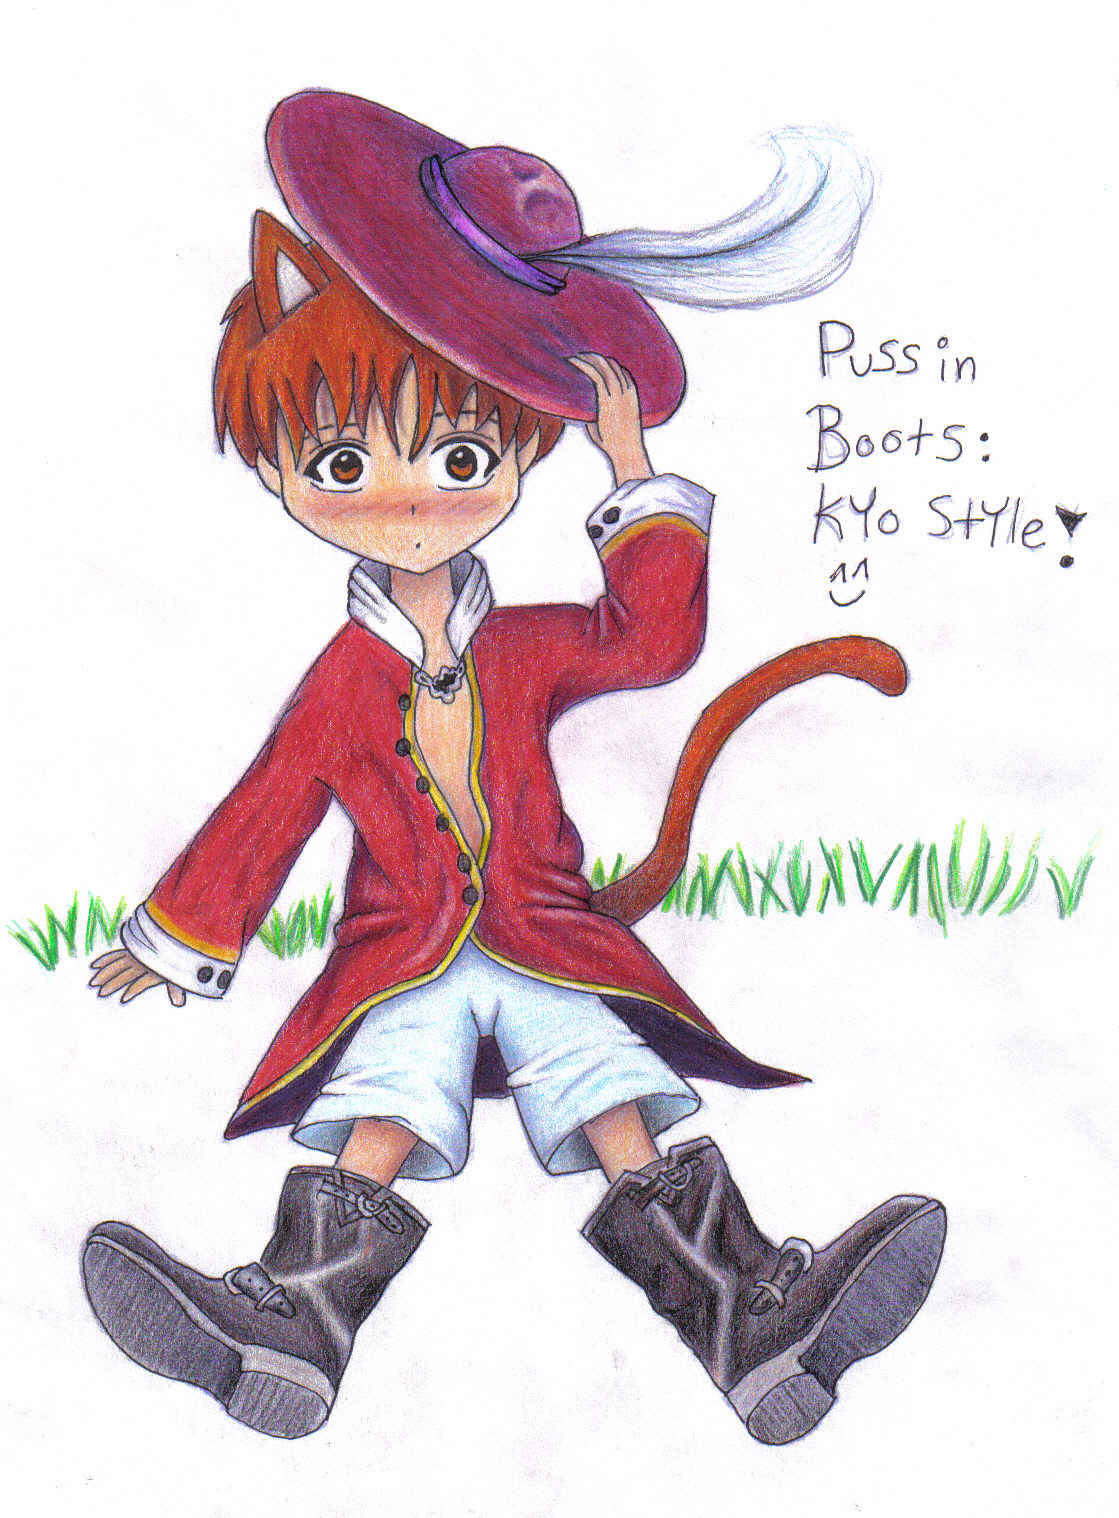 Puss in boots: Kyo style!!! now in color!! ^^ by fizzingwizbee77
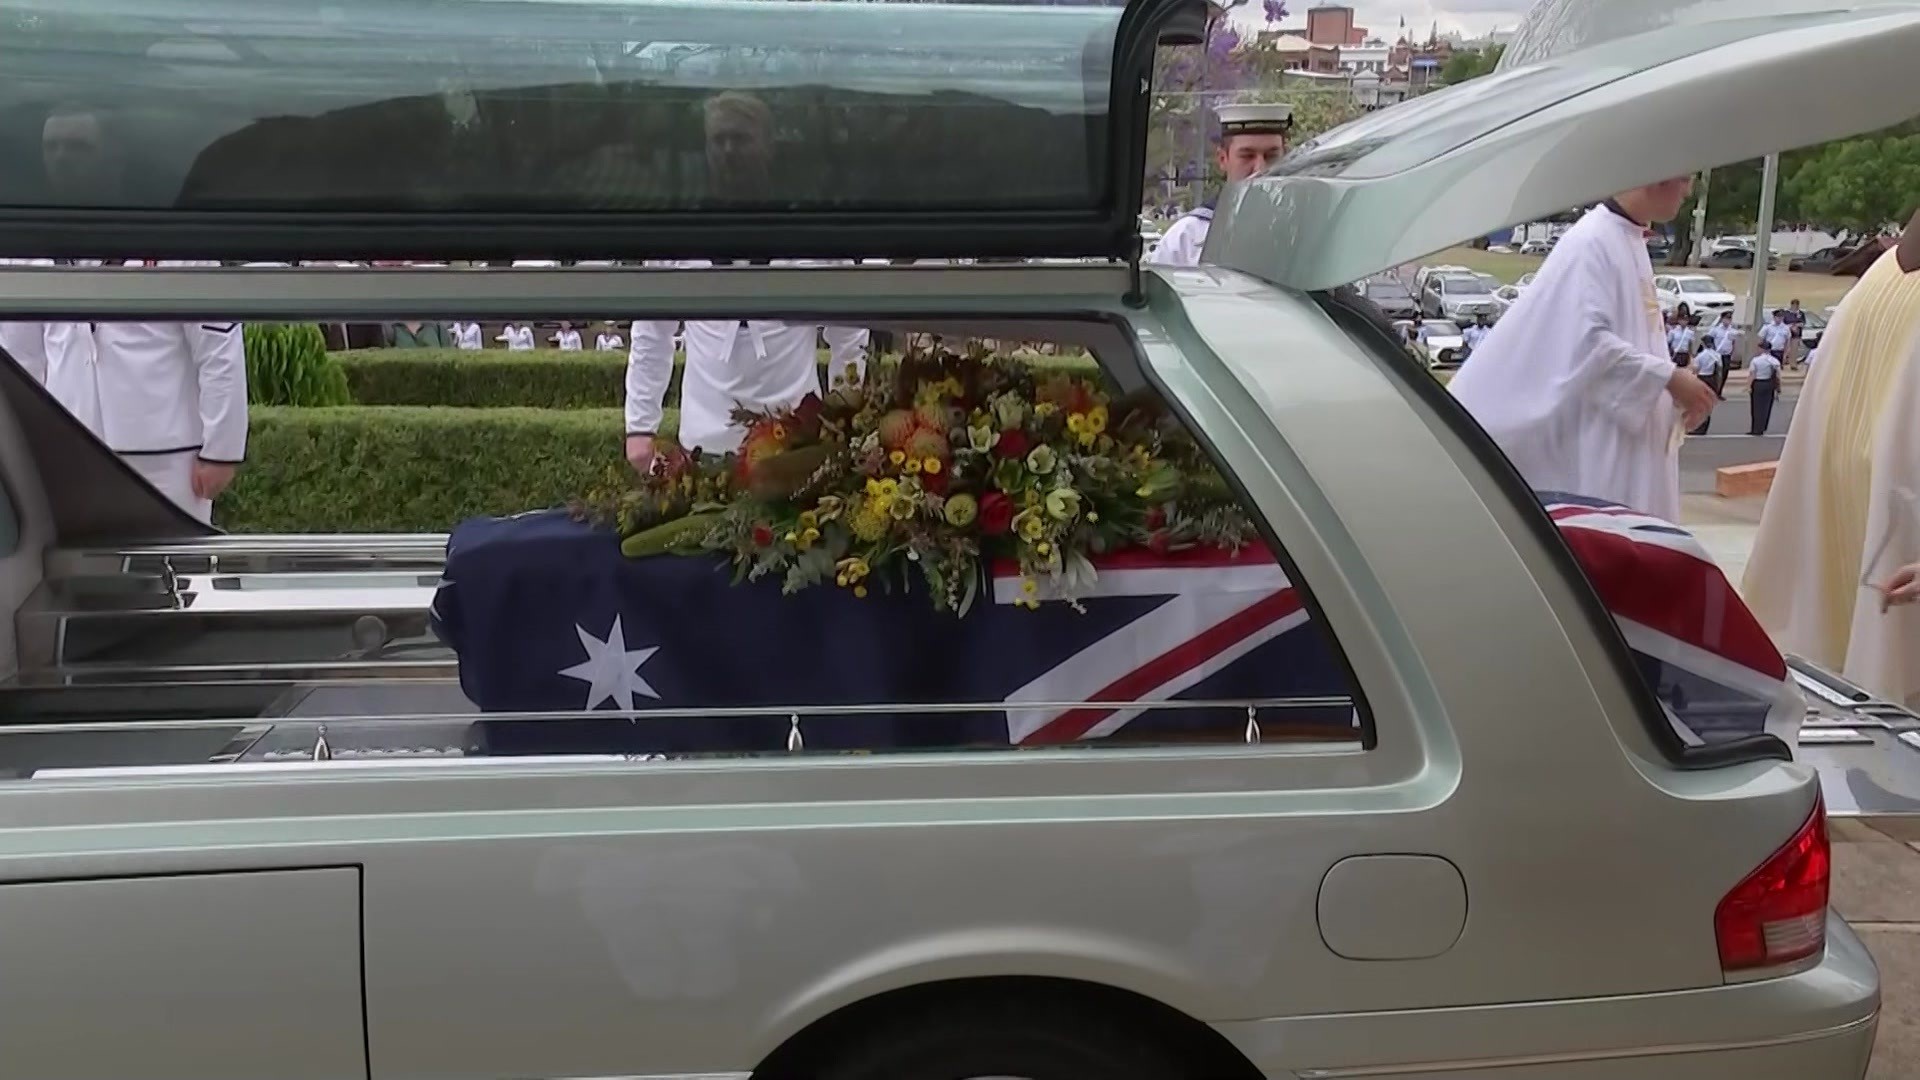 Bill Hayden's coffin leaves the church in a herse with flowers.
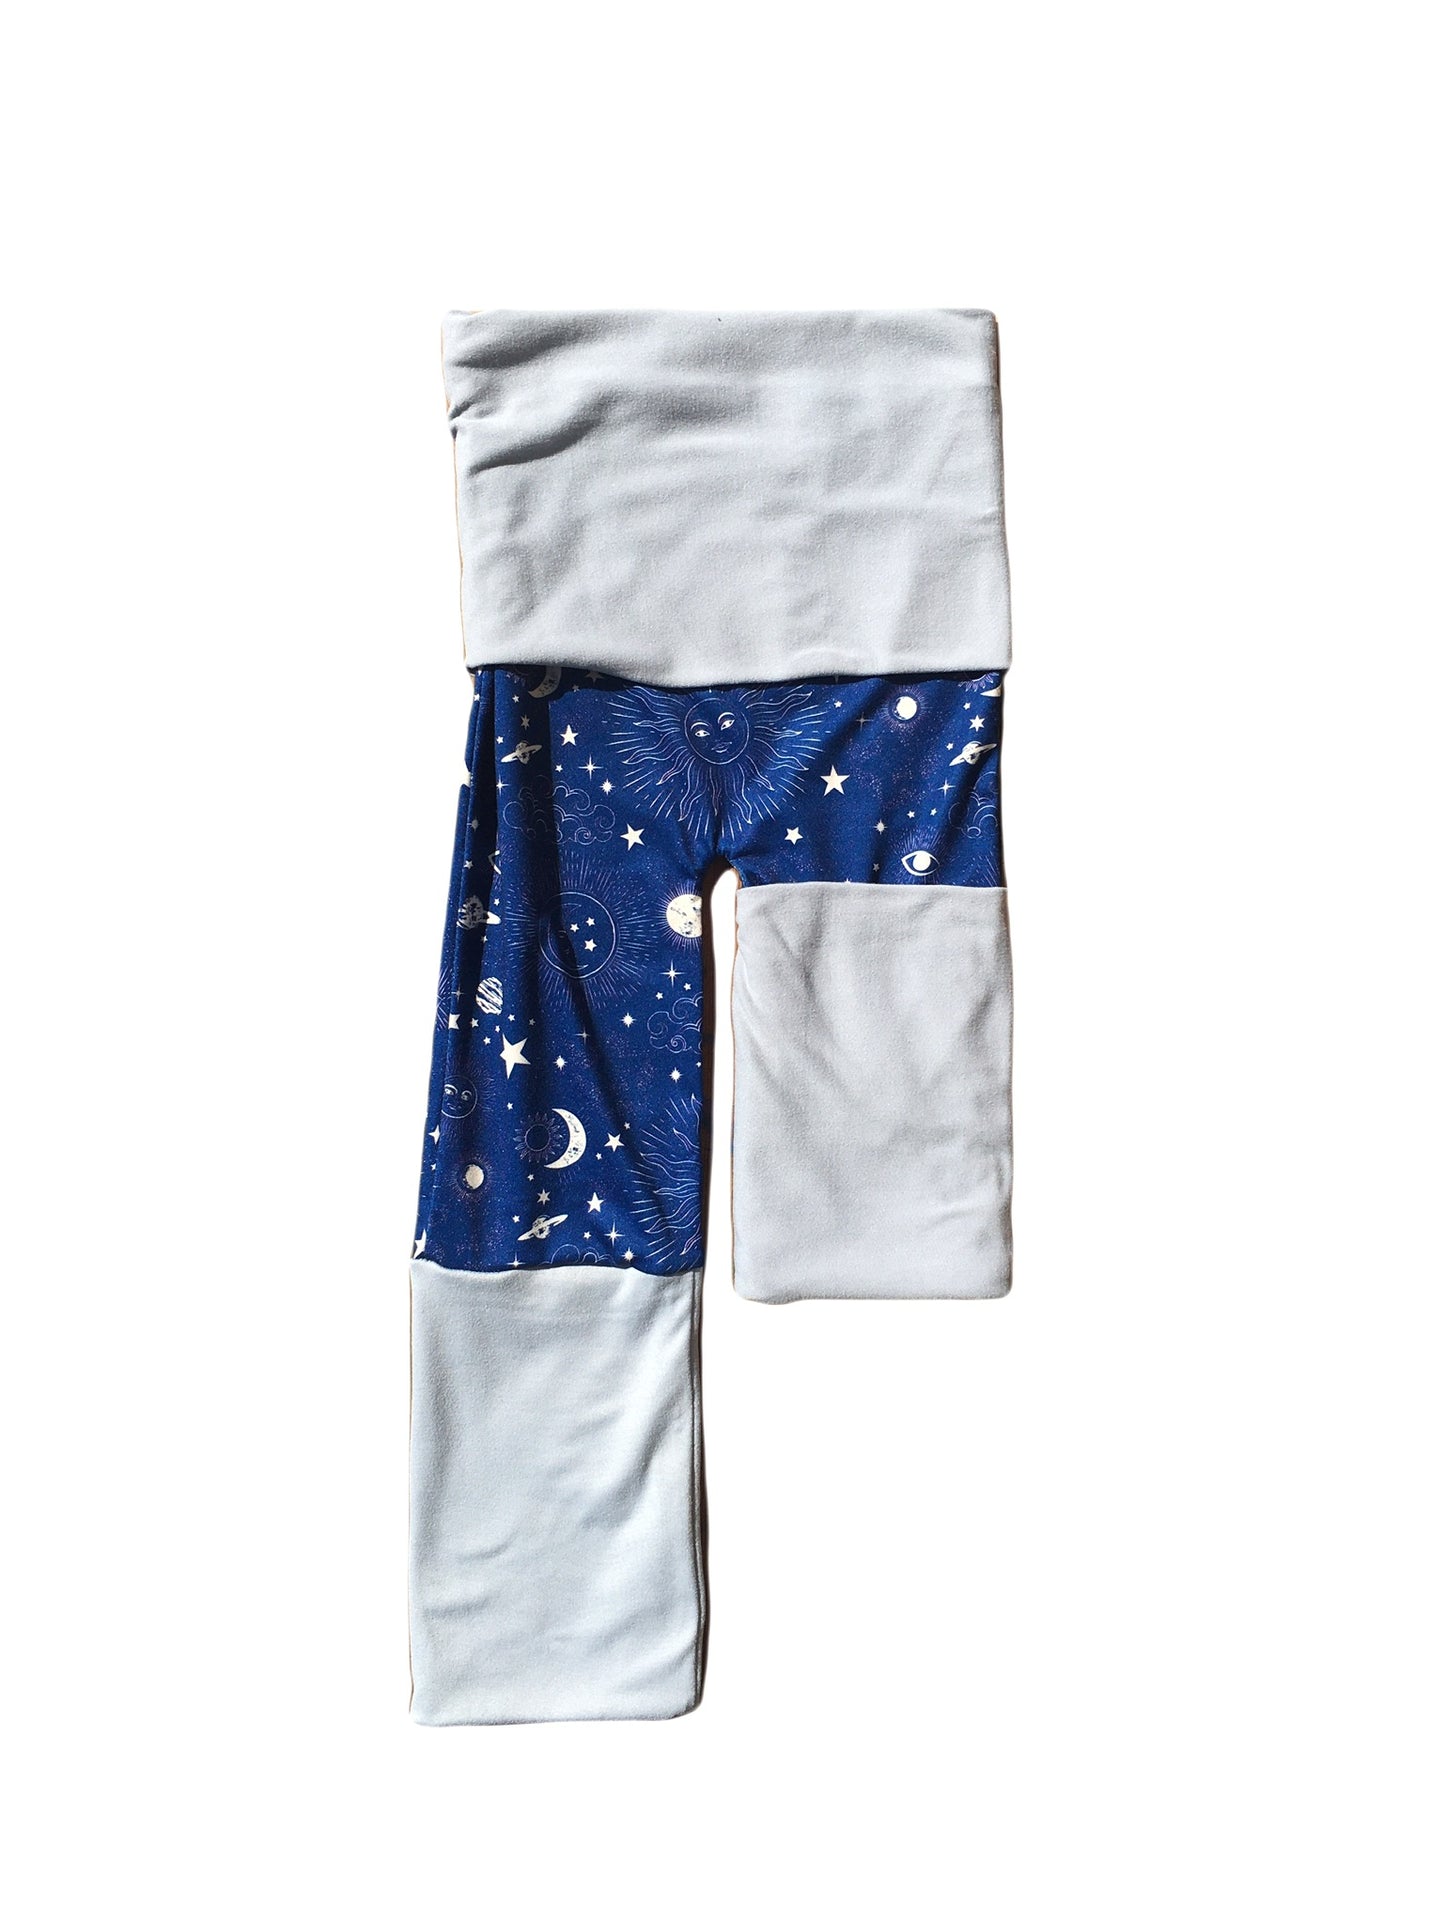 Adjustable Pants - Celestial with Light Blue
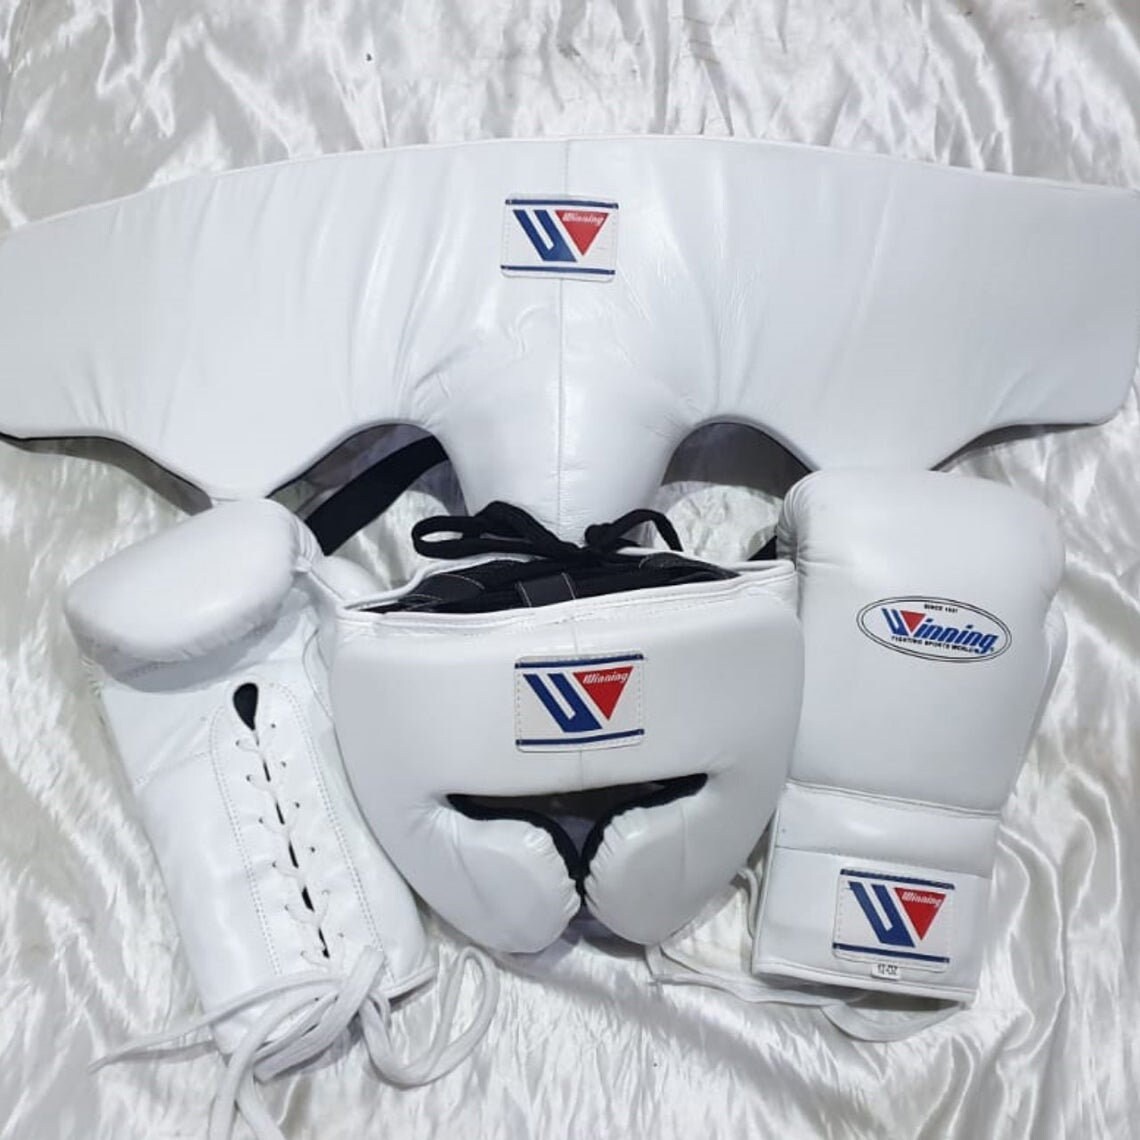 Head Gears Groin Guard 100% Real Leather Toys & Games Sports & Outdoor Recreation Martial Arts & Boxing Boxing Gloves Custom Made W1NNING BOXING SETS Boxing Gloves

********************

TASK DIRECTIONS – Reproduce all the material exactly, omitting images.

EXERCISE OUTPUT –
 Puss in boots: Kyo style!!! now in color!! ^^ by fizzingwizbee77
 Bill Hayden's coffin leaves the church in a herse with flowers.
 Adjustable Pants - Celestial with Light Blue
 Head Gears Groin Guard 100% Real Leather Toys & Games Sports & Outdoor Recreation Martial Arts & Boxing Boxing Gloves Custom Made W1NNING BOXING SETS Boxing Gloves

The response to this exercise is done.